Students come with their own experiences and biases. Sometimes, you have to unlearn biases to learn something relevant. This has been the area of struggle for most. My role as a mentor is to first make them understand the first principles and then build appropriate mental maps to get the intuition behind ML Concepts.

I learned a lot on this journey. From my students, I learned how they plan to use ML tools to solve problems in their industry. From the faculty at MIT, I learned about the latest research and how we can pollinate from other ideas. For instance, I recently learned how to use matrix factorization to solve a completely different sales forecasting problem that outperforms most state-of-the-art approaches.

I also learned people’s perceptions of data science and the gaps in their understanding. As a mentor, I try to bridge this gap and make realistic plans for individuals so they can succeed in their data science career path. I share my mistakes frequently so my students can relate to them and learn from them.
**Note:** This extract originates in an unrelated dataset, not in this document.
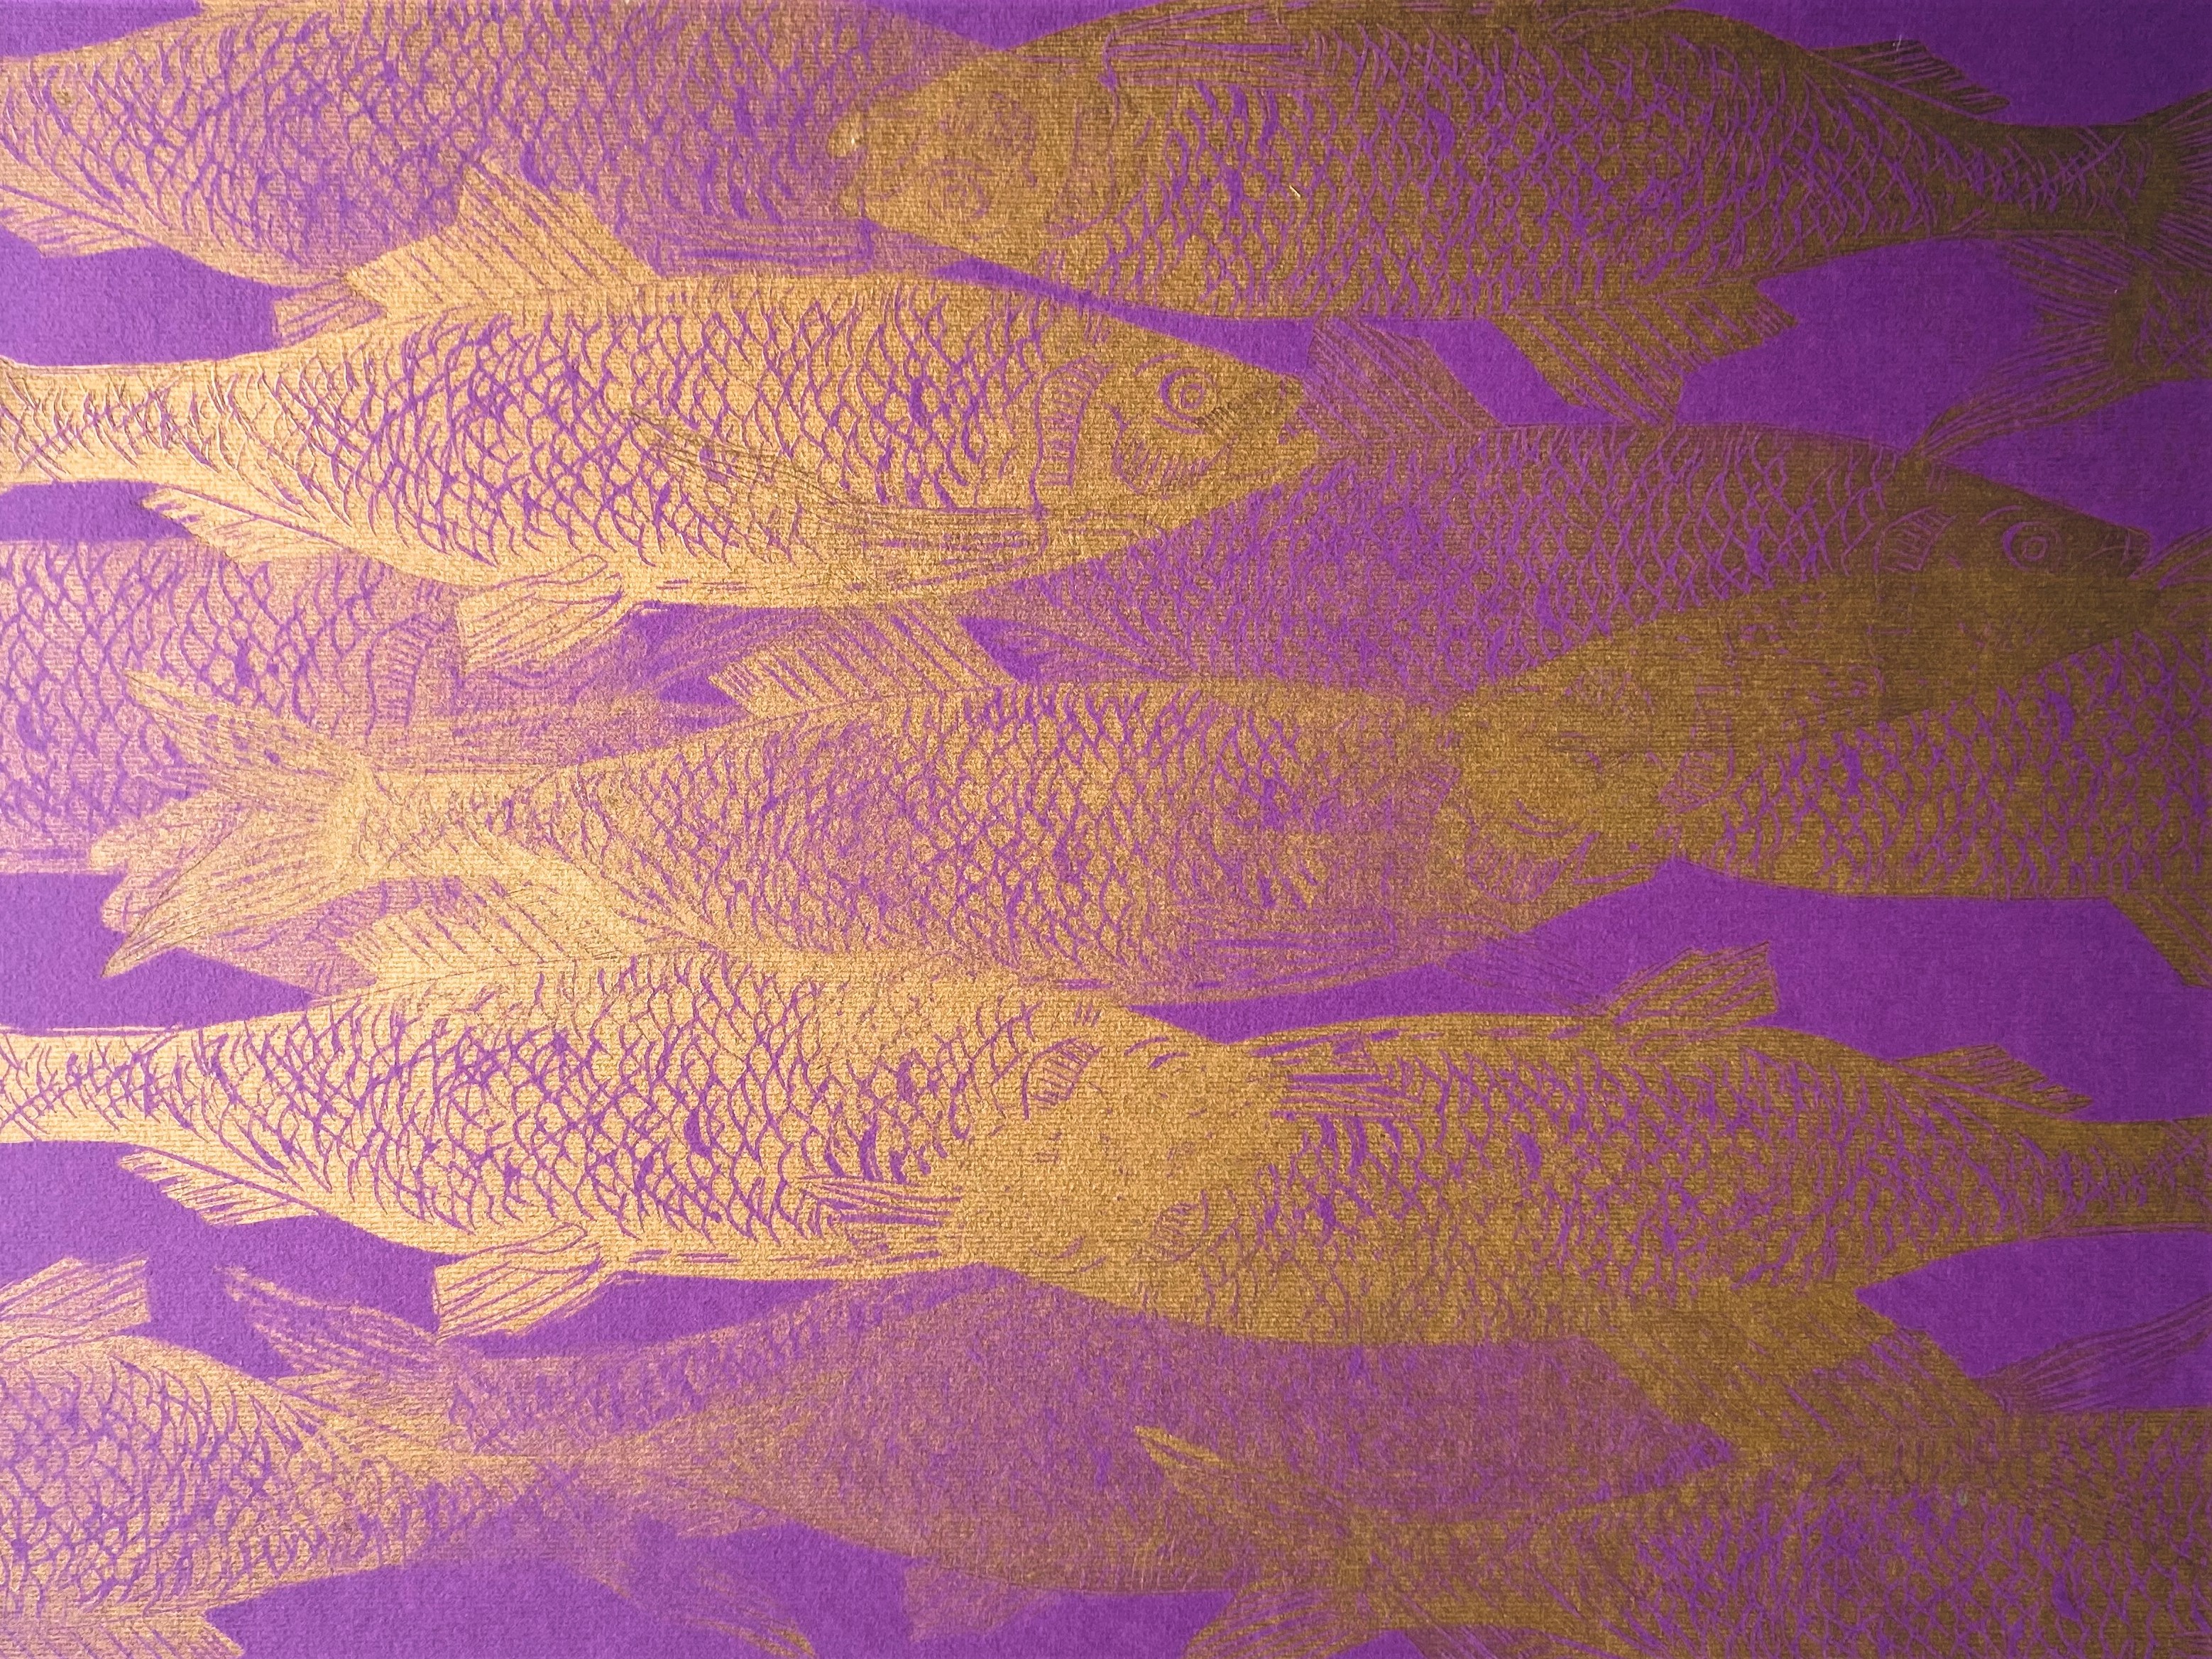 Obraz przedstawia ławicę złotych ryb na fioletowym tle
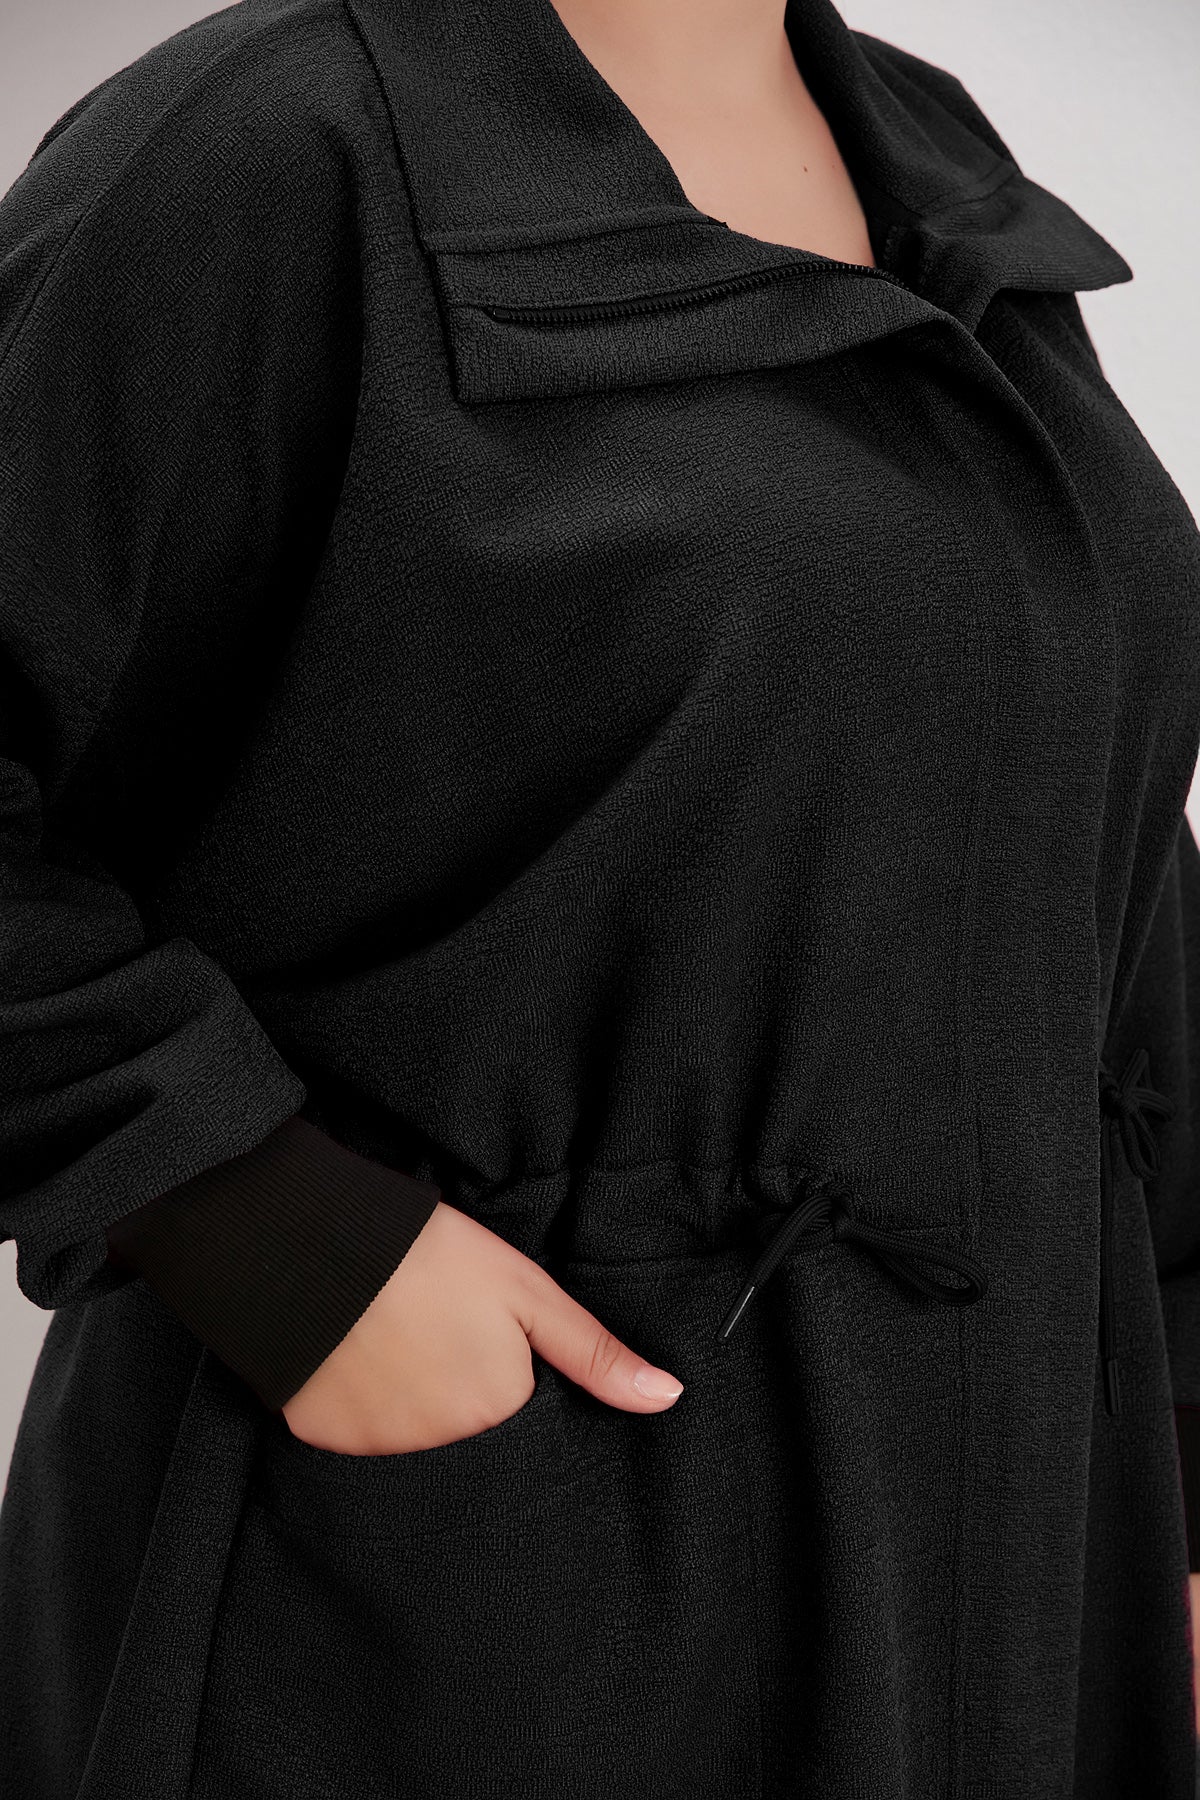 Γυναικείο μπουφάν από μπουκλέ σε μεγάλα μεγέθη -Μαύρο

This often makes me reflect on my past. If I could give my past self, when I was fresh off the boat, some advice, it would be:

– Prioritize tasks and build first principle understanding
– Prioritize relationships with the important people in your life

Maintaining both and improving every day with incremental enhancements, can ensure success in this field.

In Conclusion

Data is now an essential fabric of the global economy. In the words of scientist Andrew McAfee, “The world is one big data problem.” And the answers lie in data science.

The boom in the data science job market is accompanied by various challenges as elaborated in this blog.

We at Tiger Analytics believe the key to a better future lies in clearly understanding the various aspects of this science by fostering a culture of learning and mentorship at the individual and organizational levels.